The data:

######

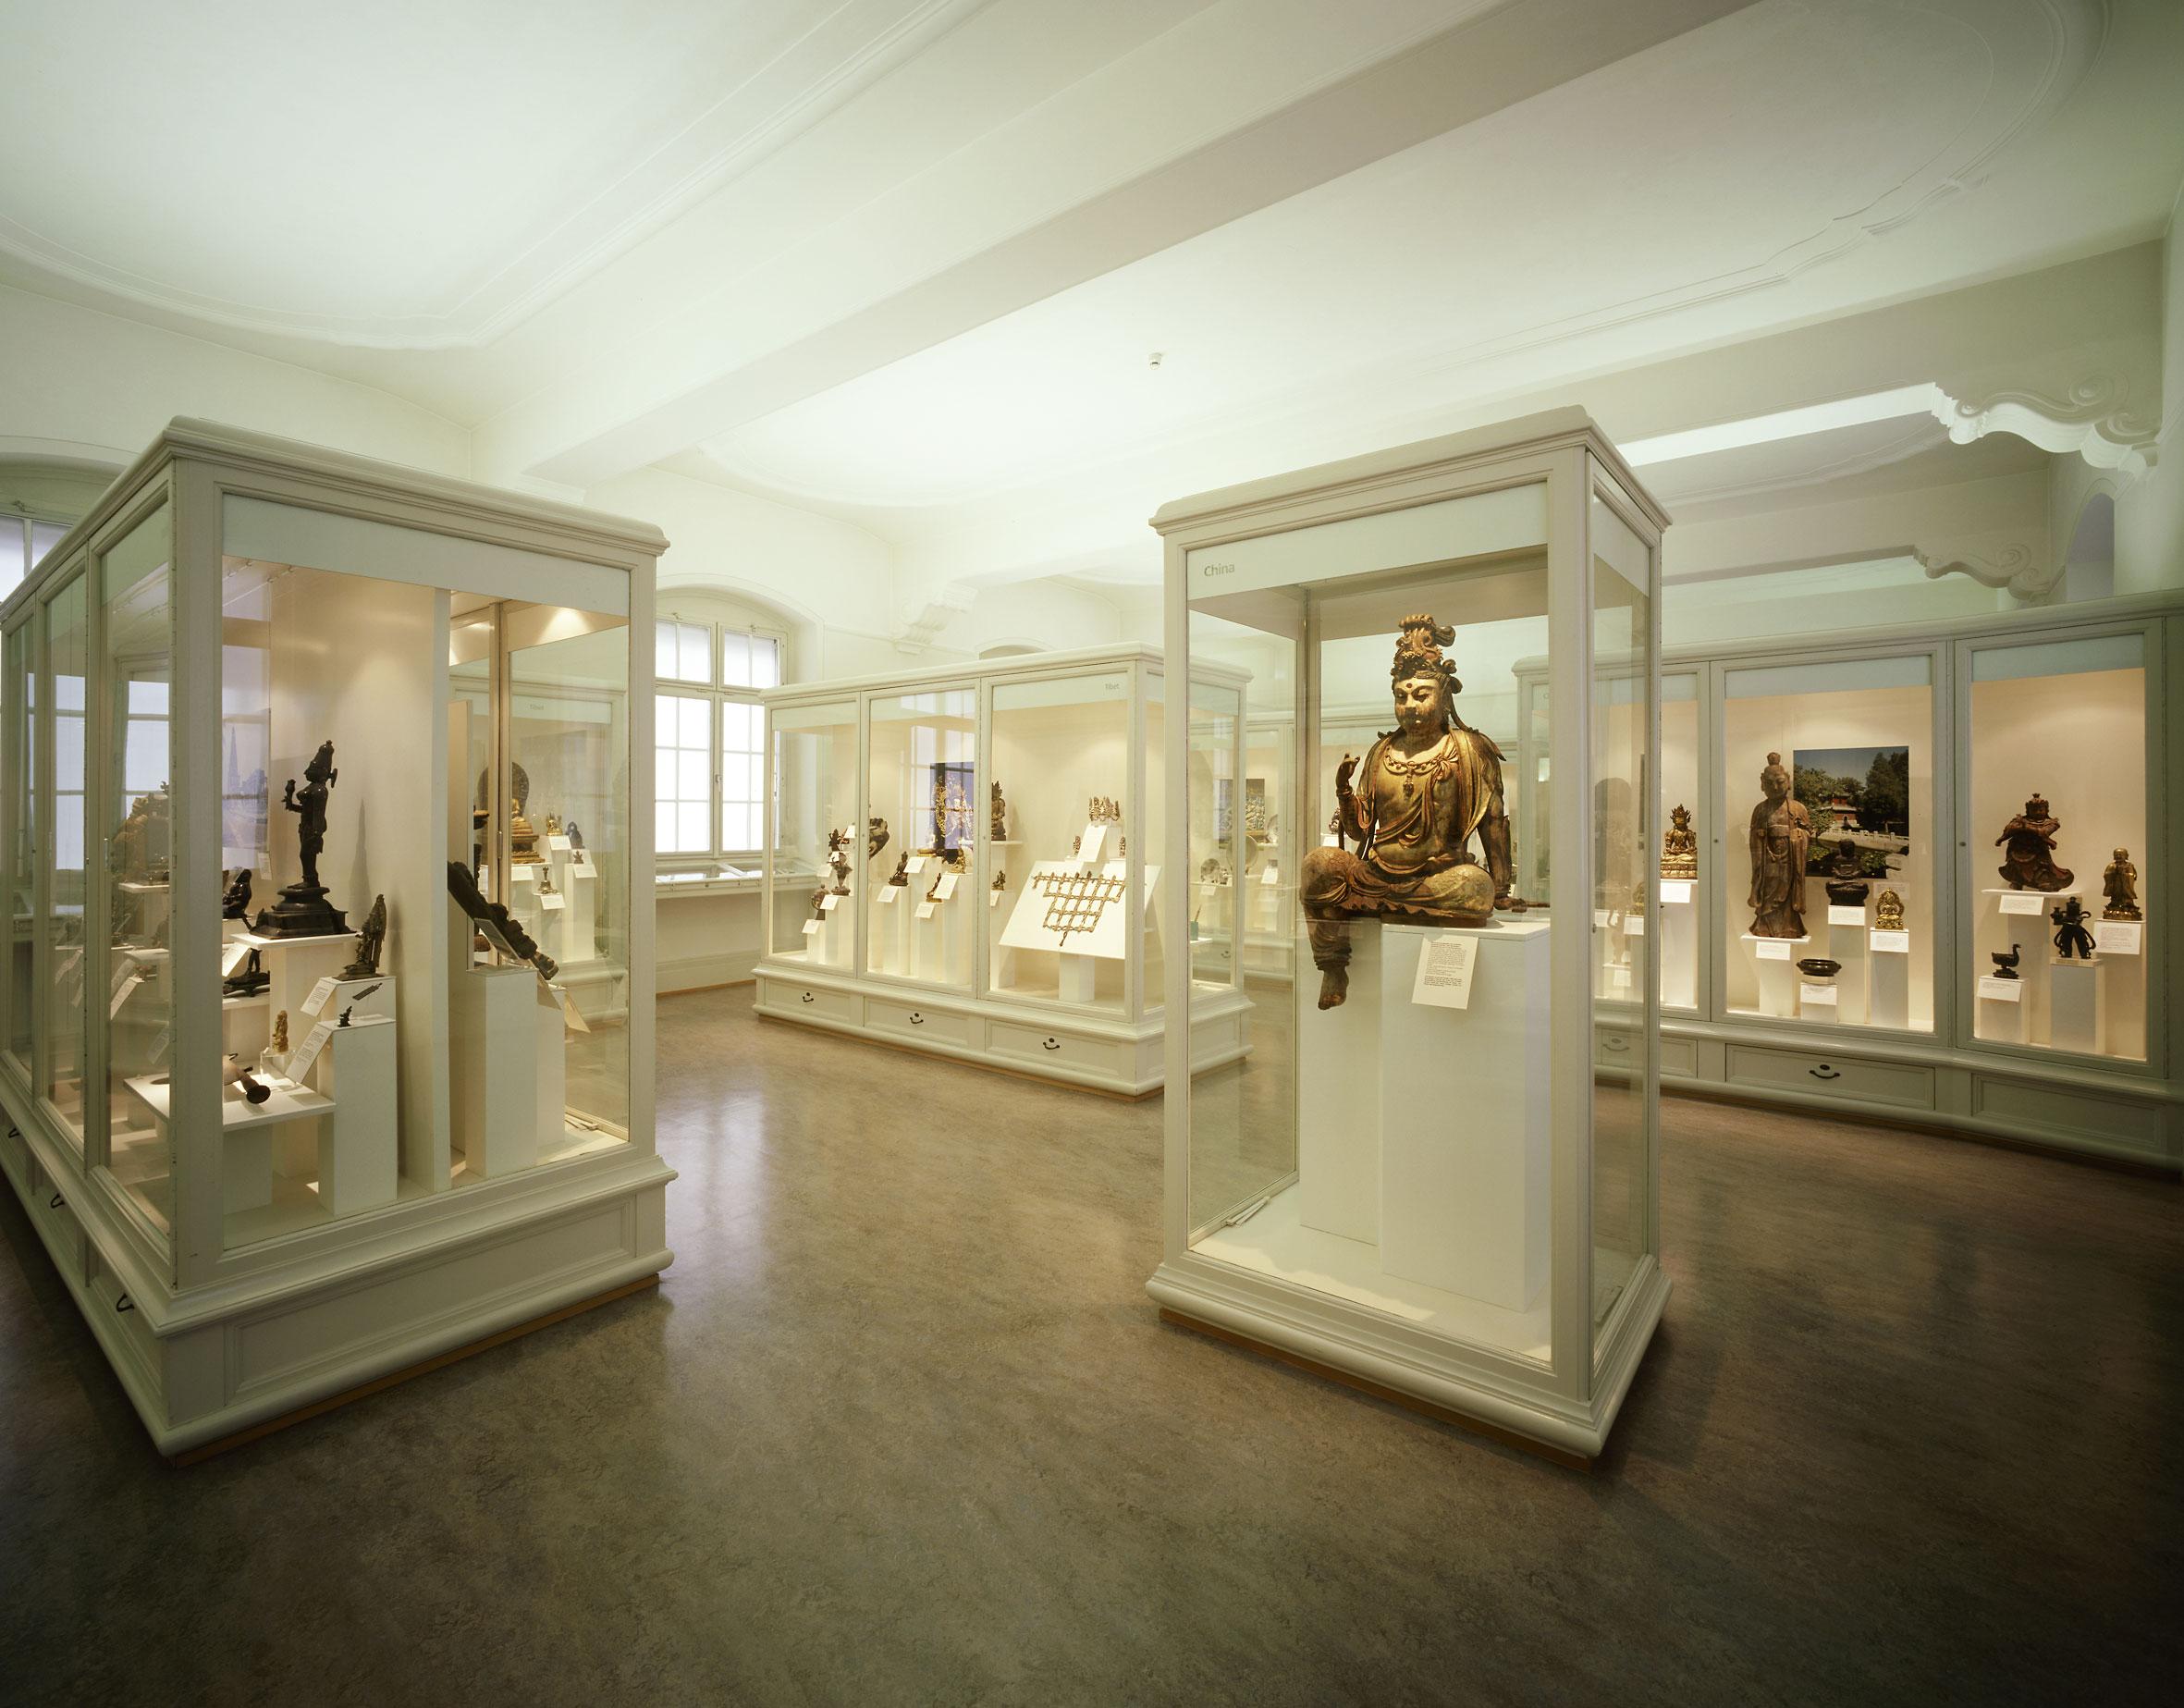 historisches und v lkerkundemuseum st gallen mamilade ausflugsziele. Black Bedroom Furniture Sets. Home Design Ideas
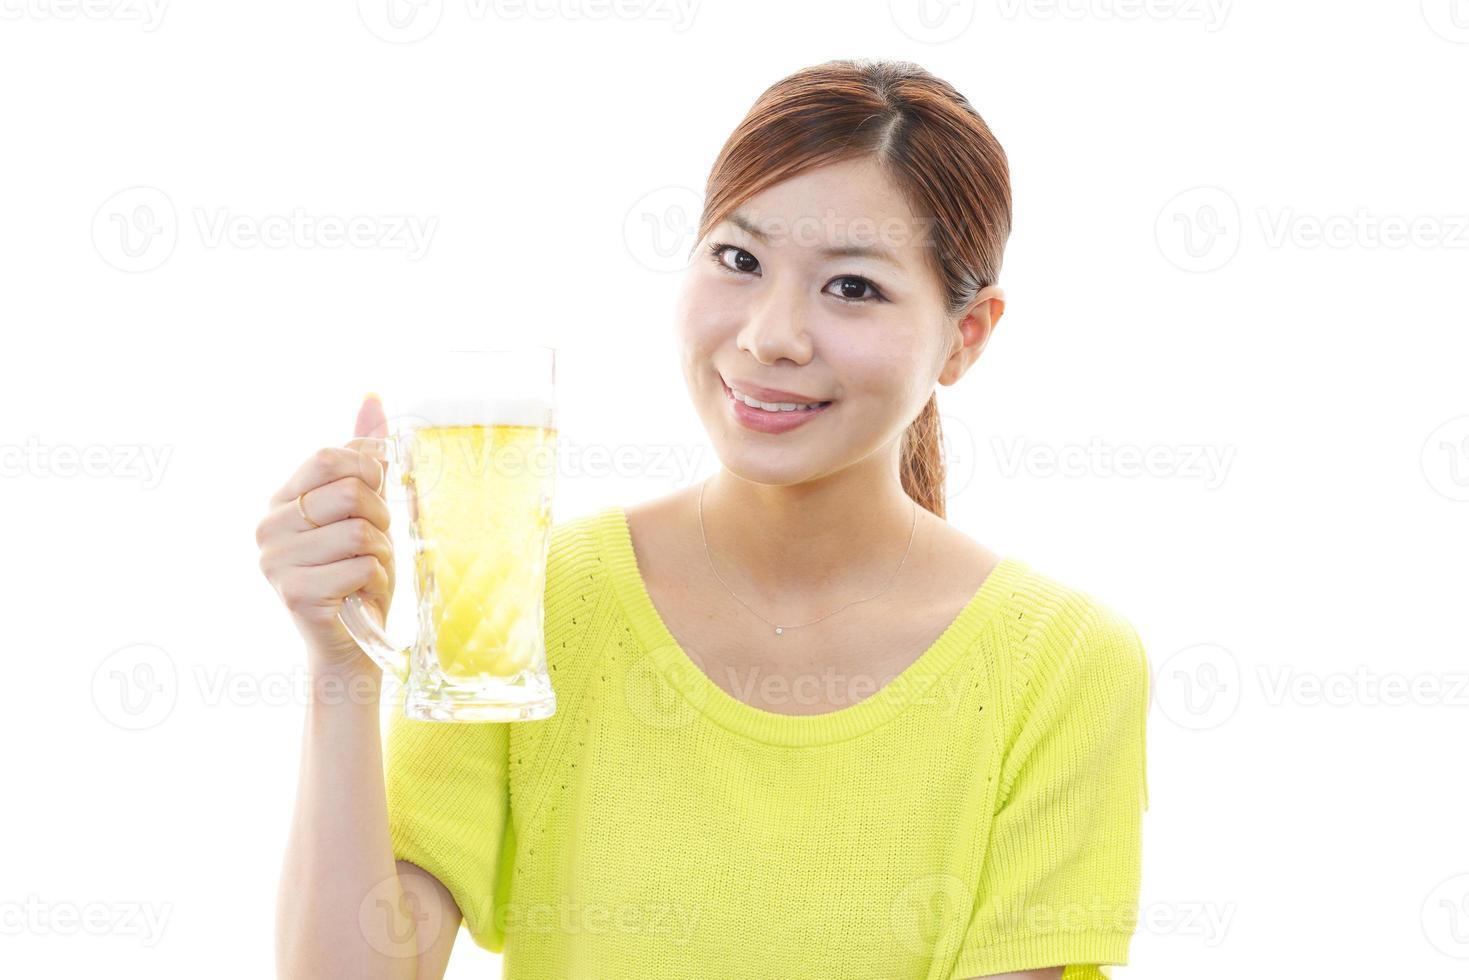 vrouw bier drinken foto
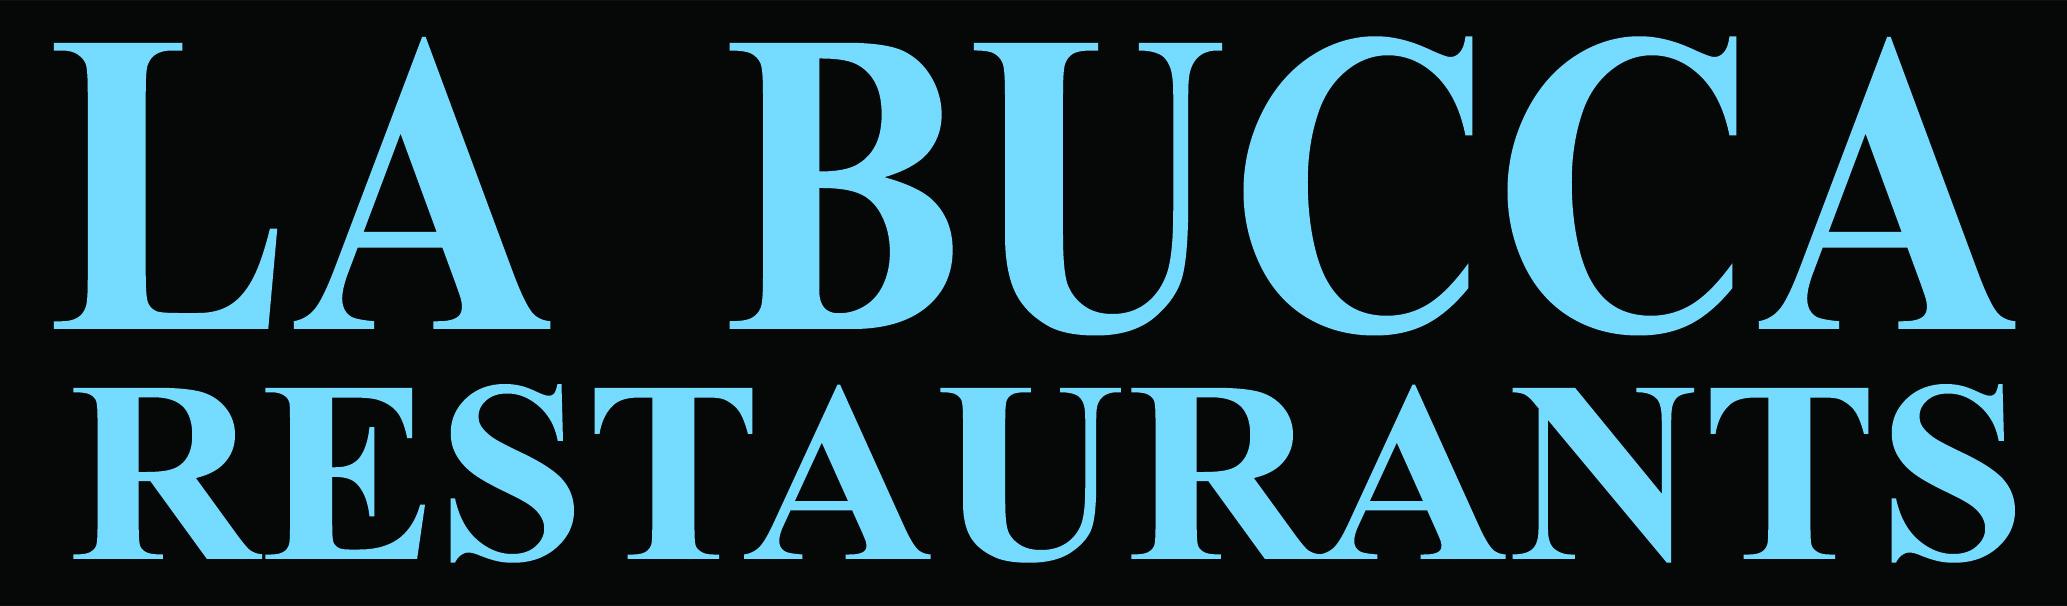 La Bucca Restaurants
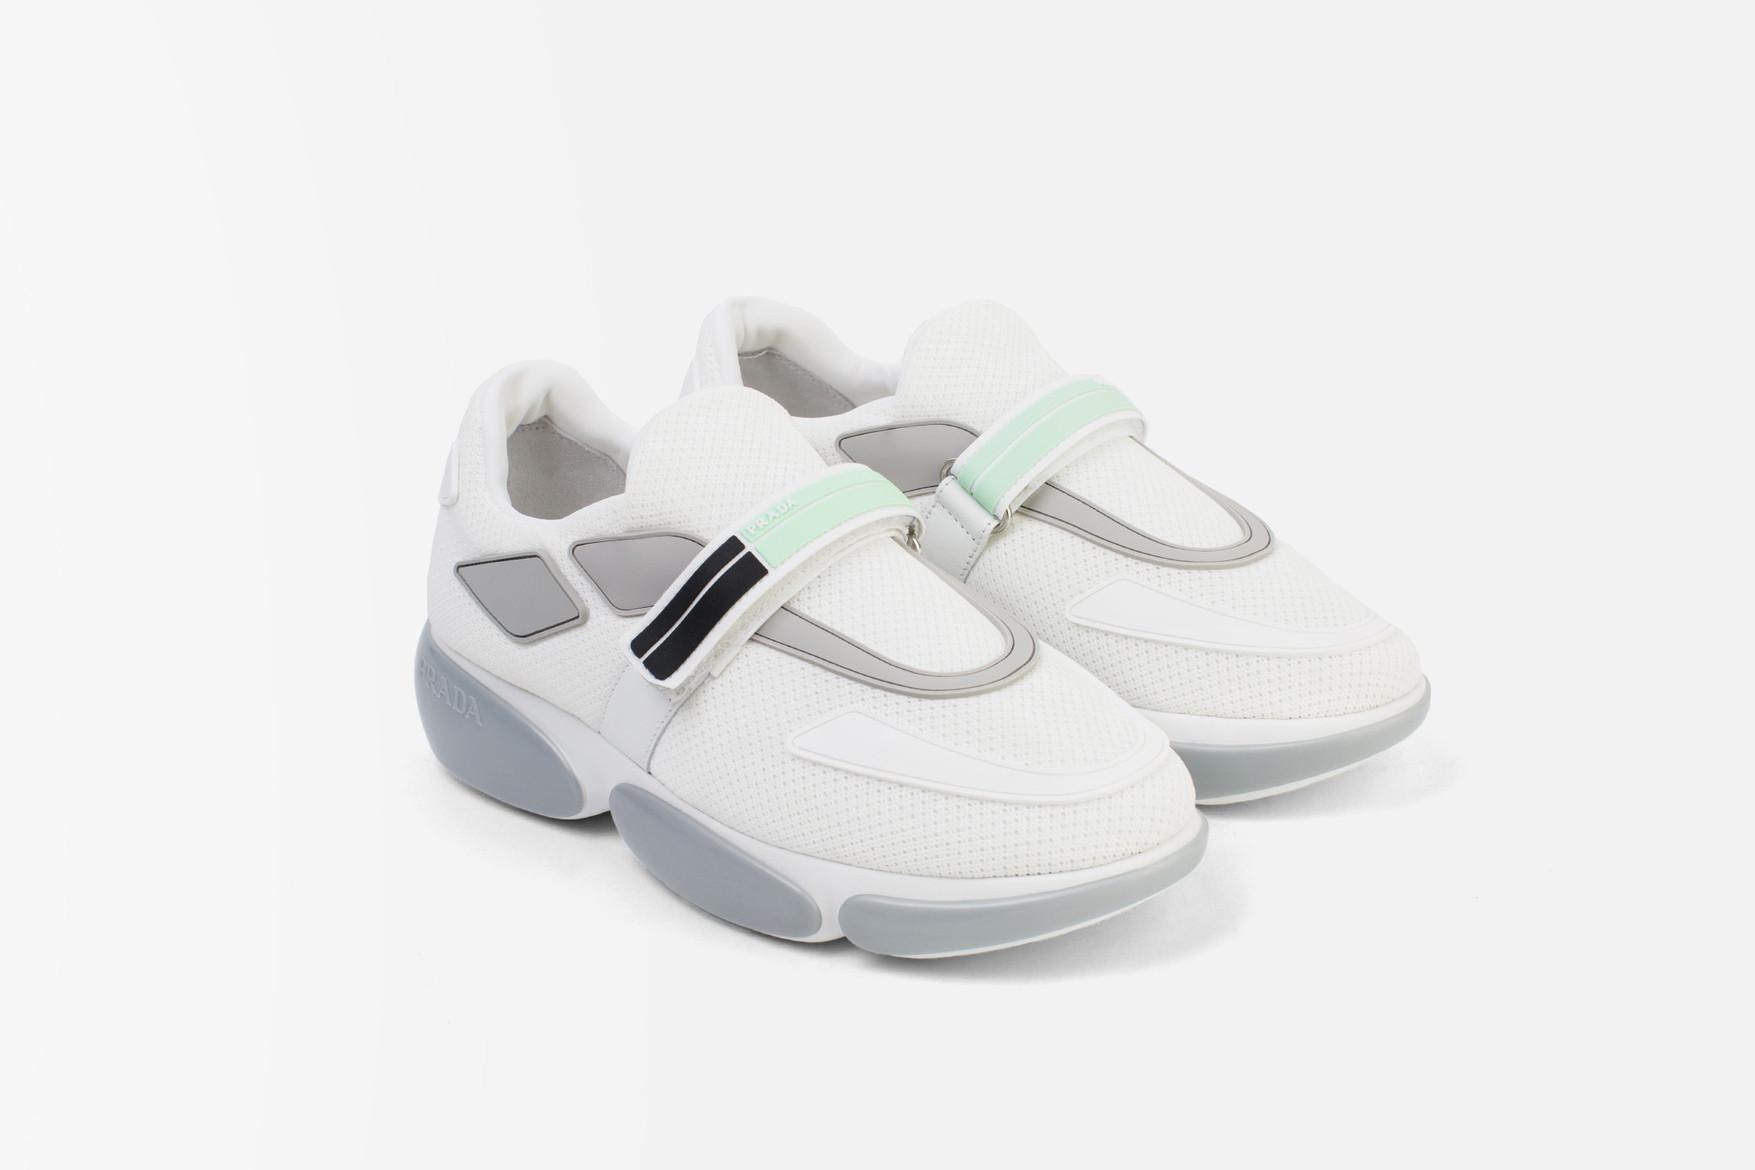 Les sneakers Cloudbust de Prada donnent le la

######

Your assignment:
The whole listing above is to be printed again exactly; pictures stay out of it.

The answer:
 historisches und v lkerkundemuseum st gallen mamilade ausflugsziele. Black Bedroom Furniture Sets. Home Design Ideas
 vrouw bier drinken foto
 La Bucca Restaurants
 Les sneakers Cloudbust de Prada donnent le la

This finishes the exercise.